Title 28 U.S.C. § 2244(d)(2) states that the "time during which a properly filed application for State post-conviction or other collateral review with respect to the pertinent judgment or claim is pending shall not be counted toward" the one-year limitation period. 28 U.S.C. § 2244(d)(2).

State time limits are conditions to filing which render a petition not properly filed. Pace, supra, 544 U.S. at 417. When a state court rejects a petition for post-conviction relief as untimely, the petition is not a "properly filed" application for post-conviction or collateral review within the meaning of § 2244(d)(2), and thus it does not toll the running of the limitation period. Id.

Here, petitioner filed several state post-conviction collateral challenges. The first such petition, pending between August 27, 2002 and February 11, 2003 in the California Supreme Court, served to toll the limitations period for 5/12 months, as respondent concedes. However, petitioner's next state habeas petition, filed five years later, and all subsequent state habeas petitions, were not filed within a "reasonable" time and thus have no tolling effect under the statute. See Chavis, supra, 546 U.S. at 201 (unexplained delay of six months not a "reasonable" delay for tolling purposes); see also Bonner, supra, 425 F.3d at 1148 (when a state post-conviction petition is determined to be untimely by a state court, that is the end of the matter for purposes of § 2244(d)(2)). Thus, absent equitable tolling, the petition is time-barred.

III. Equitable Tolling

Petitioner argues for equitable tolling based on his 2007 discovery of the Cunningham case, which he claims is the only case that applies to his sentence. This argument lacks merit: For the reasons discussed above, Cunningham does not apply to petitioner's sentence. The fact that petitioner learned of Cunningham in 2007 and subsequently filed a series of habeas petitions in the state courts does not excuse the untimeliness of the instant federal petition, which does not raise a Cunningham claim. Thus the undersigned will recommend that the petition be dismissed as untimely.

Accordingly, IT IS HEREBY RECOMMENDED that:

1. Respondent's March 18, 2011 motion to dismiss for untimeliness (Dkt. No. 21) be granted; and 2. The petition (Dkt.

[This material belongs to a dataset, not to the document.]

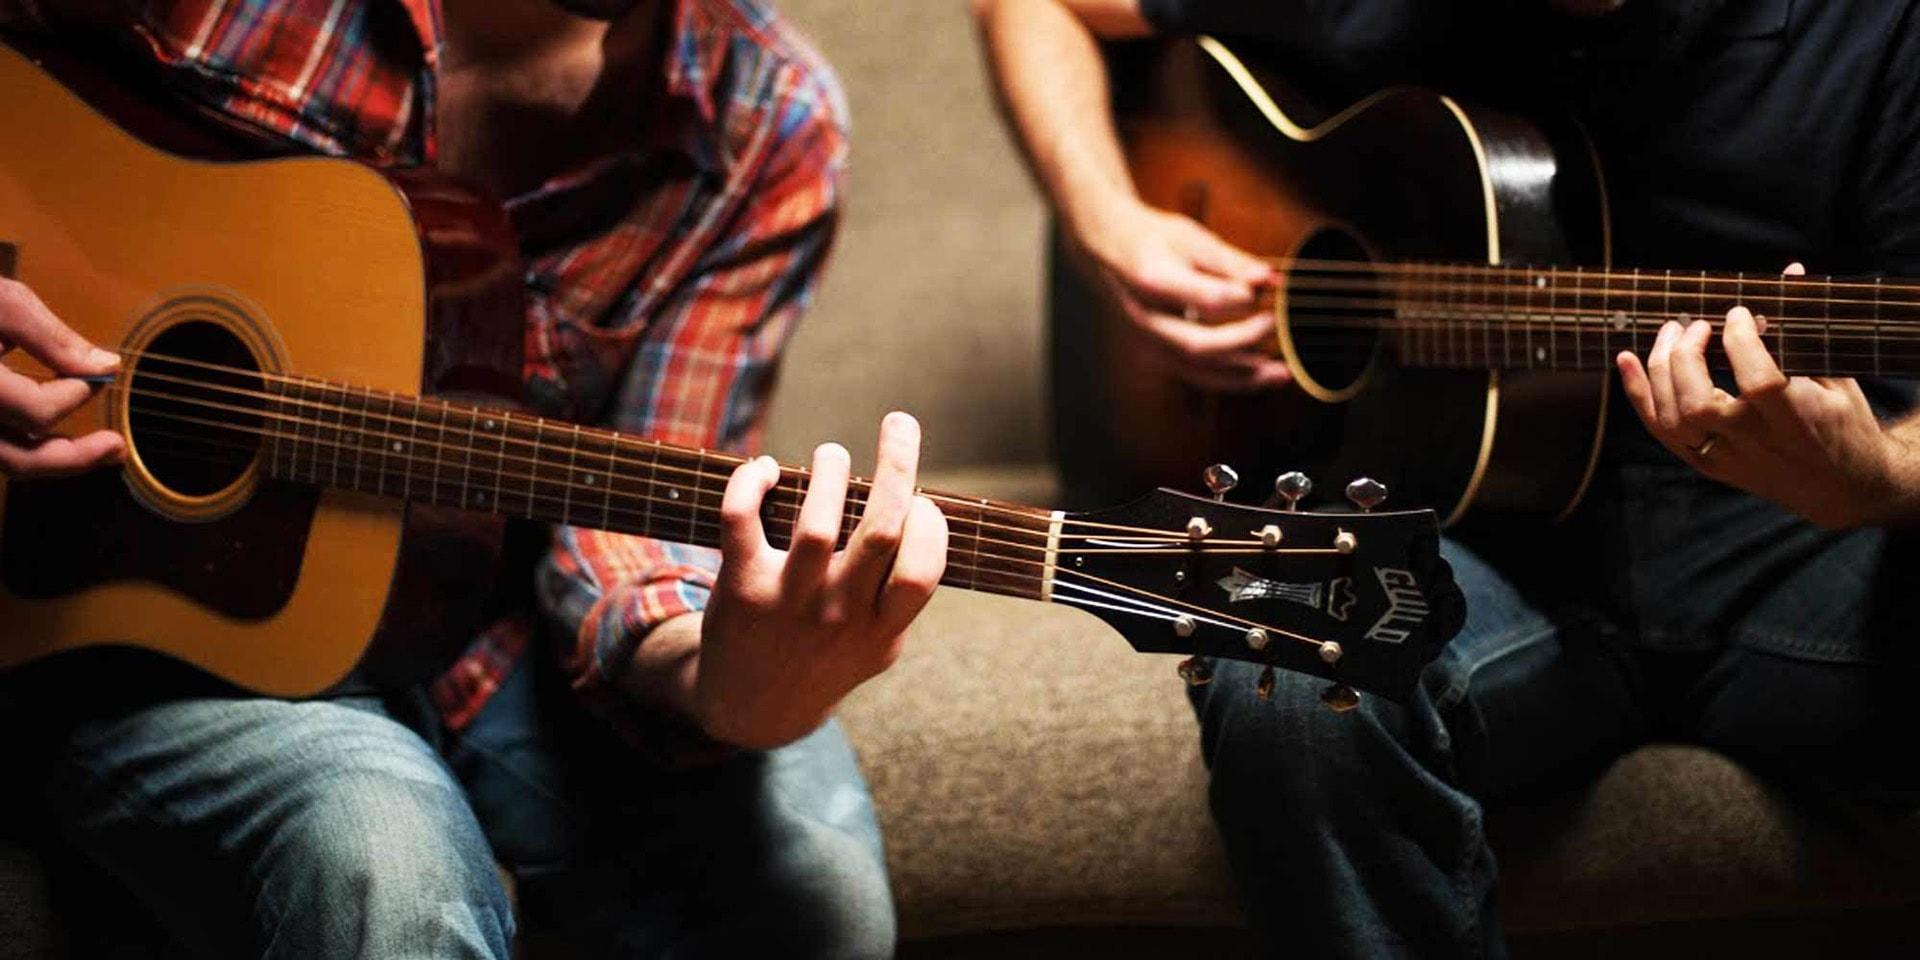 給第一次接觸木吉他的朋友們~初學吉他最常遇到的問題
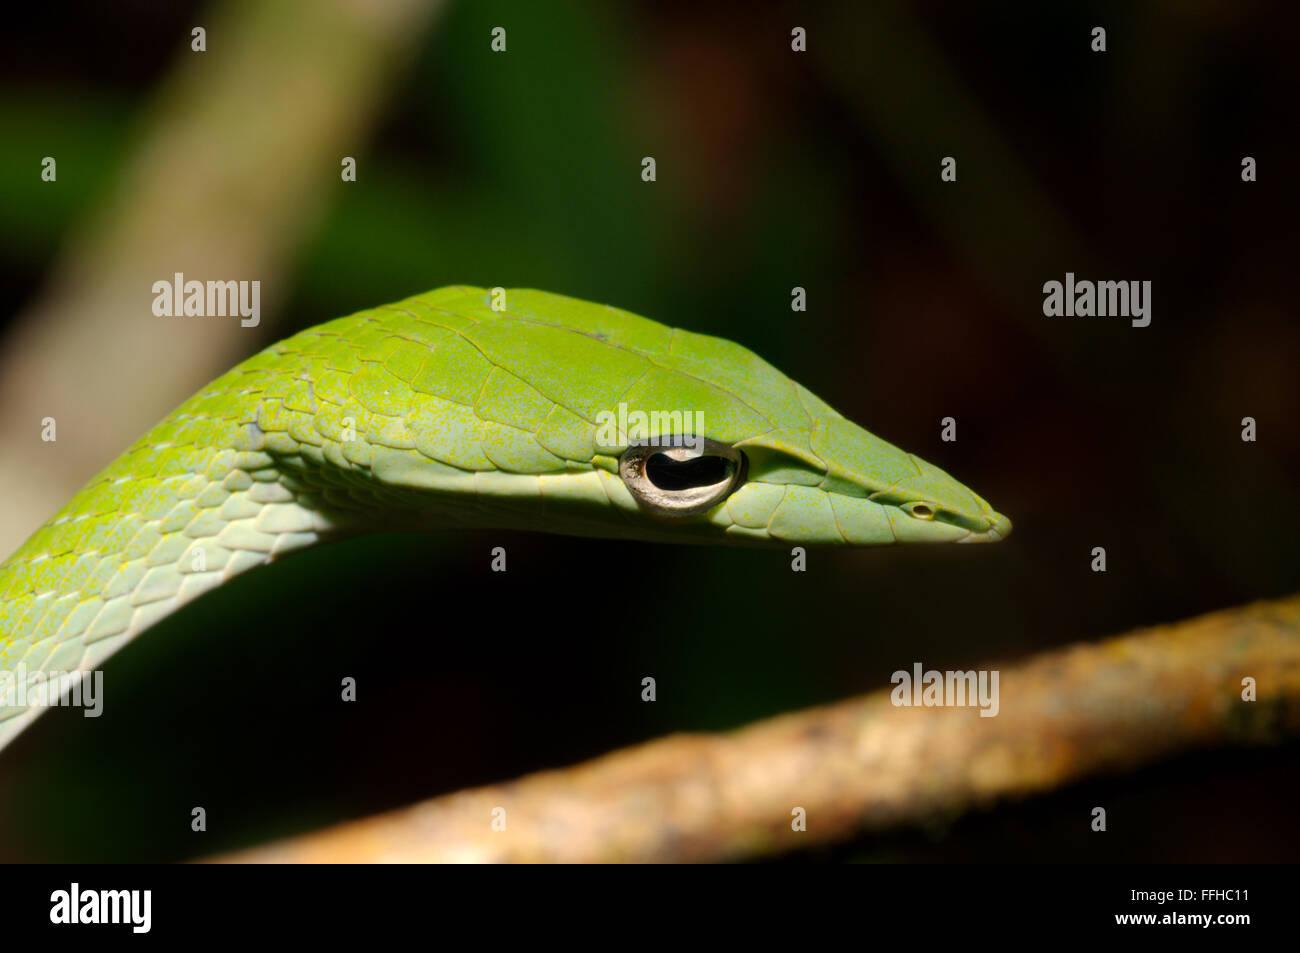 3 mars 2016 - Arbre bec long serpent, serpent de vigne verte, Whip bec long serpent ou serpent de vigne asiatique (Ahaetulla nasuta) la réserve forestière de Sinharaja, parc national, Sinharaja, Sri Lanka, l'Asie du Sud. © Andrey Nekrasov/ZUMA/ZUMAPRESS.com/Alamy fil Live News Banque D'Images

No. 1) be dismissed.

These findings and recommendations are submitted to the United States District Judge assigned to the case, pursuant to the provisions of 28 U.S.C. § 636(b)(l). Within twenty-one days after being served with these findings and recommendations, any party may file written objections with the court and serve a copy on all parties. Such a document should be captioned "Objections to Magistrate Judge's Findings and Recommendations." Any reply to the objections shall be served and filed within fourteen days after service of the objections. The parties are advised that failure to file objections within the specified time may waive the right to appeal the District Court's order. Martinez v. Ylst, 951 F.2d 1153 (9th Cir. 1991).